The morphism property of $f$ and $g$ yields that, for any $m > 0$:

$f \left({- m}\right) = f \left({-1}\right) \circ \cdots \circ f \left({-1}\right)$
$g \left({- m}\right) = g \left({-1}\right) \circ \cdots \circ g \left({-1}\right)$

with on the right-hand side $m$ copies of $f \left({-1}\right)$ and $g \left({-1}\right)$, respectively.

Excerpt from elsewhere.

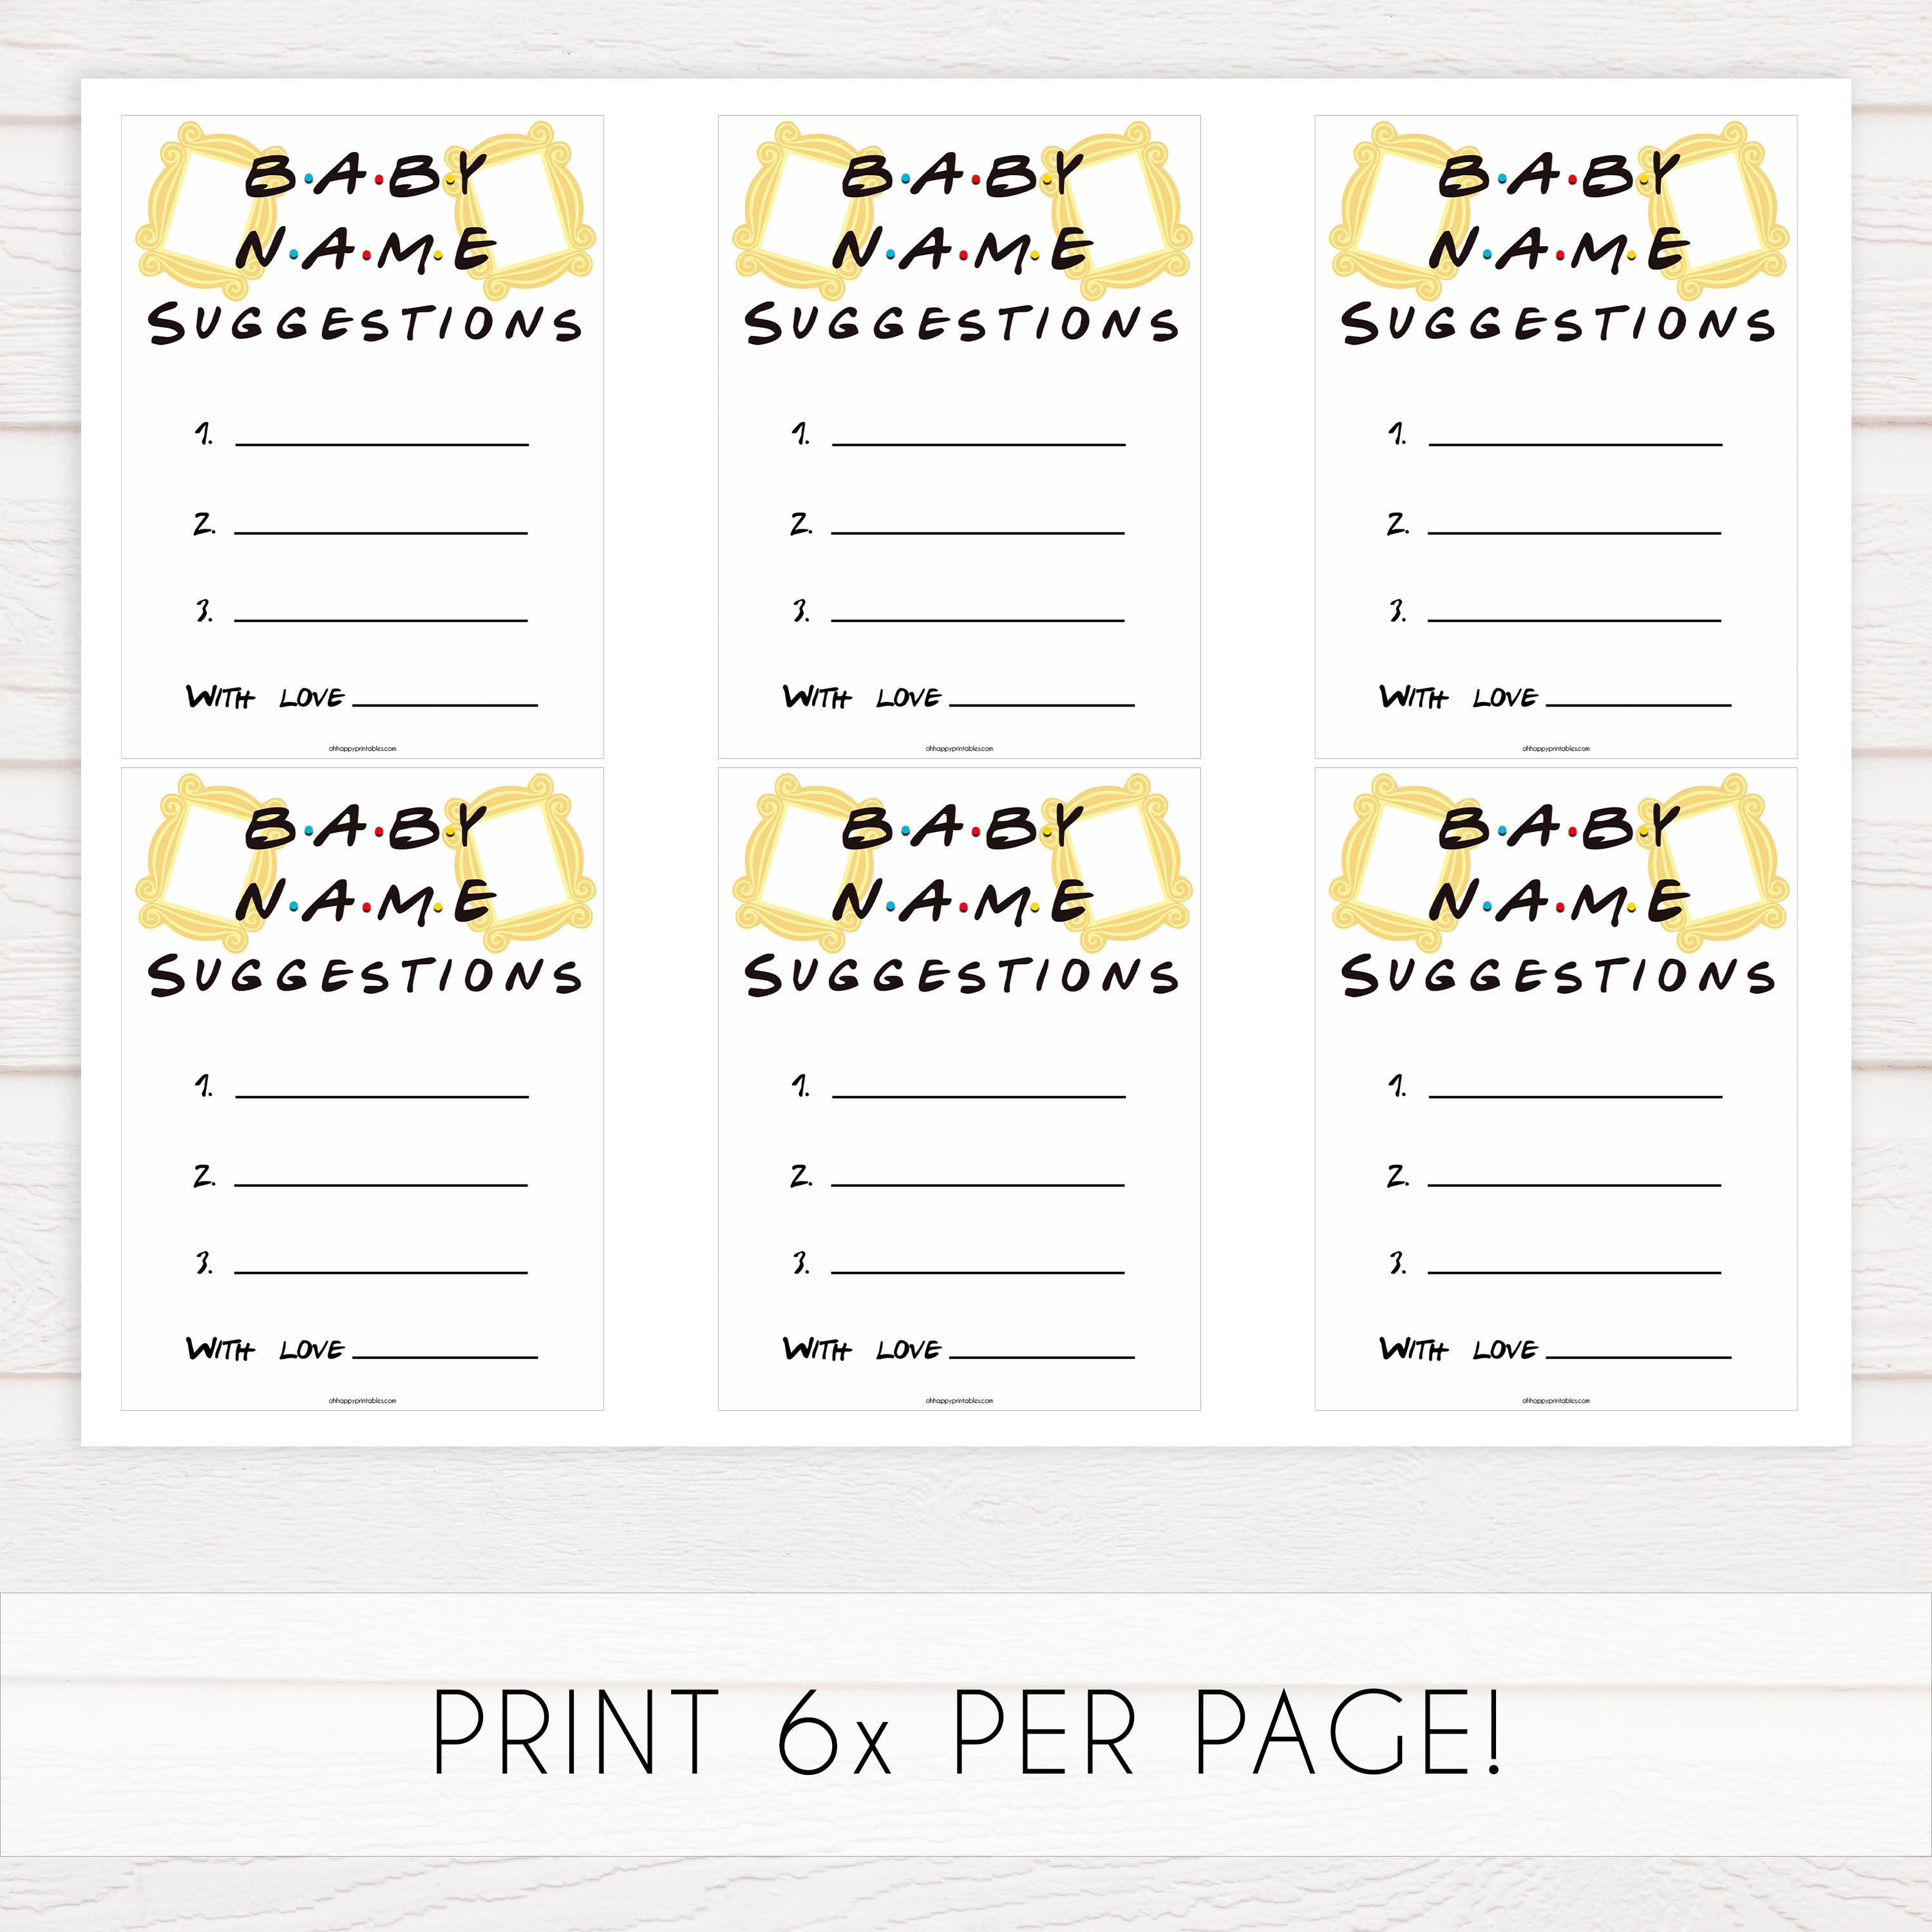 baby name suggestions, Printable baby shower games, friends fun baby games, baby shower games, fun baby shower ideas, top baby shower ideas, friends baby shower, friends baby shower ideas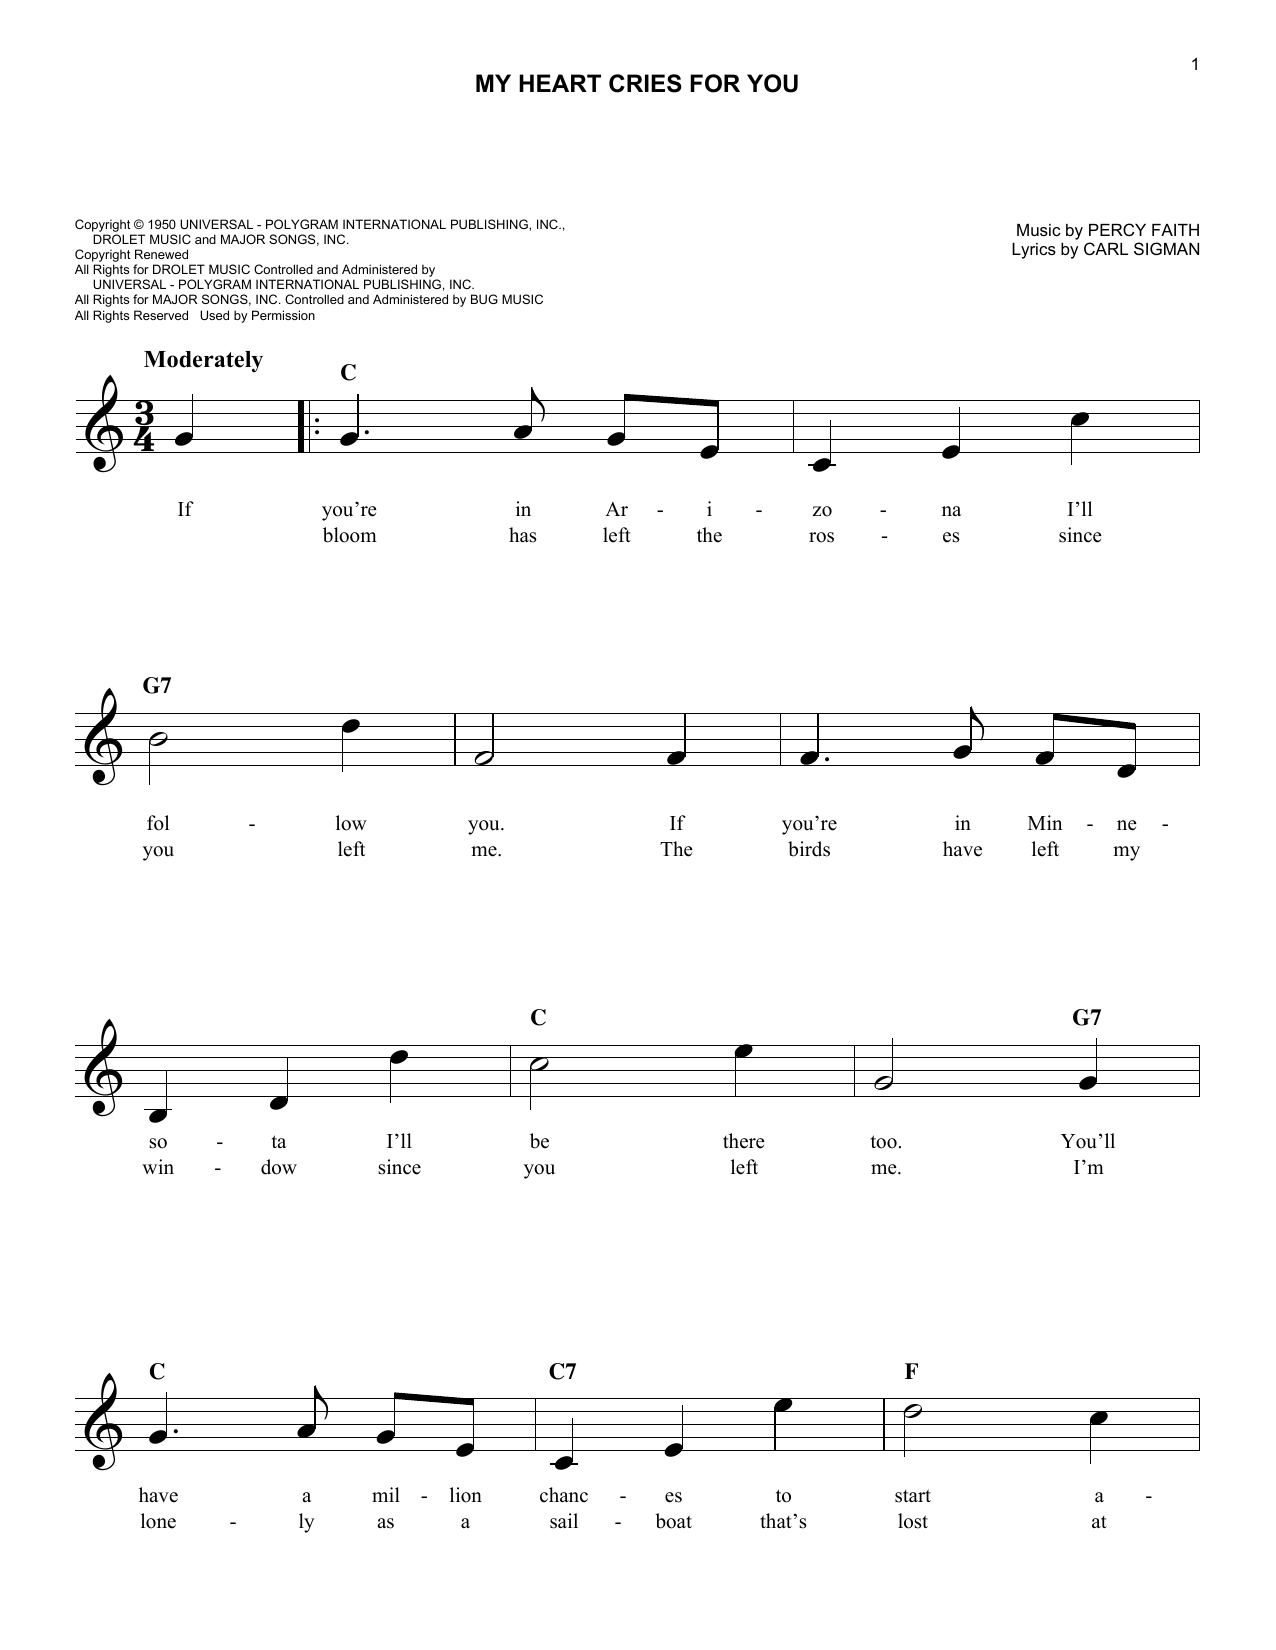 Percy Faith My Heart Cries For You sheet music notes and chords. Download Printable PDF.

It thus is necessary and sufficient to show that $f \left({-1}\right) = g \left({-1}\right)$.

To this end, compute:

 $\displaystyle f \left({-1}\right)$ $=$ $\displaystyle f \left({-1}\right) \circ e$ $e$ is an identity $\displaystyle$ $=$ $\displaystyle f \left({-1}\right) \circ g \left({0}\right)$ $g$ is a monoid homomorphism $\displaystyle$ $=$ $\displaystyle f \left({-1}\right) \circ g \left({1 + \left({-1}\right)}\right)$ $\displaystyle$ $=$ $\displaystyle f \left({-1}\right) \circ g \left({1}\right) \circ g \left({-1}\right)$ $g$ is a monoid homomorphism $\displaystyle$ $=$ $\displaystyle f \left({-1}\right) \circ f \left({1}\right) \circ g \left({-1}\right)$ By the assumption on $f$ and $g$ $\displaystyle$ $=$ $\displaystyle f \left({\left({-1}\right) + 1}\right) \circ g \left({-1}\right)$ $f$ is a monoid homomorphism $\displaystyle$ $=$ $\displaystyle f \left({0}\right) \circ g \left({-1}\right)$ $\displaystyle$ $=$ $\displaystyle e \circ g \left({-1}\right)$ $f$ is a monoid homomorphism $\displaystyle$ $=$ $\displaystyle g \left({-1}\right)$ $e$ is an identity

Hence the result.

$\blacksquare$

## Caution

The theorem statement does not assert that $\iota$ is an abstract-algebraic epimorphism.

This is plainly false, as $\iota$ is not a surjection.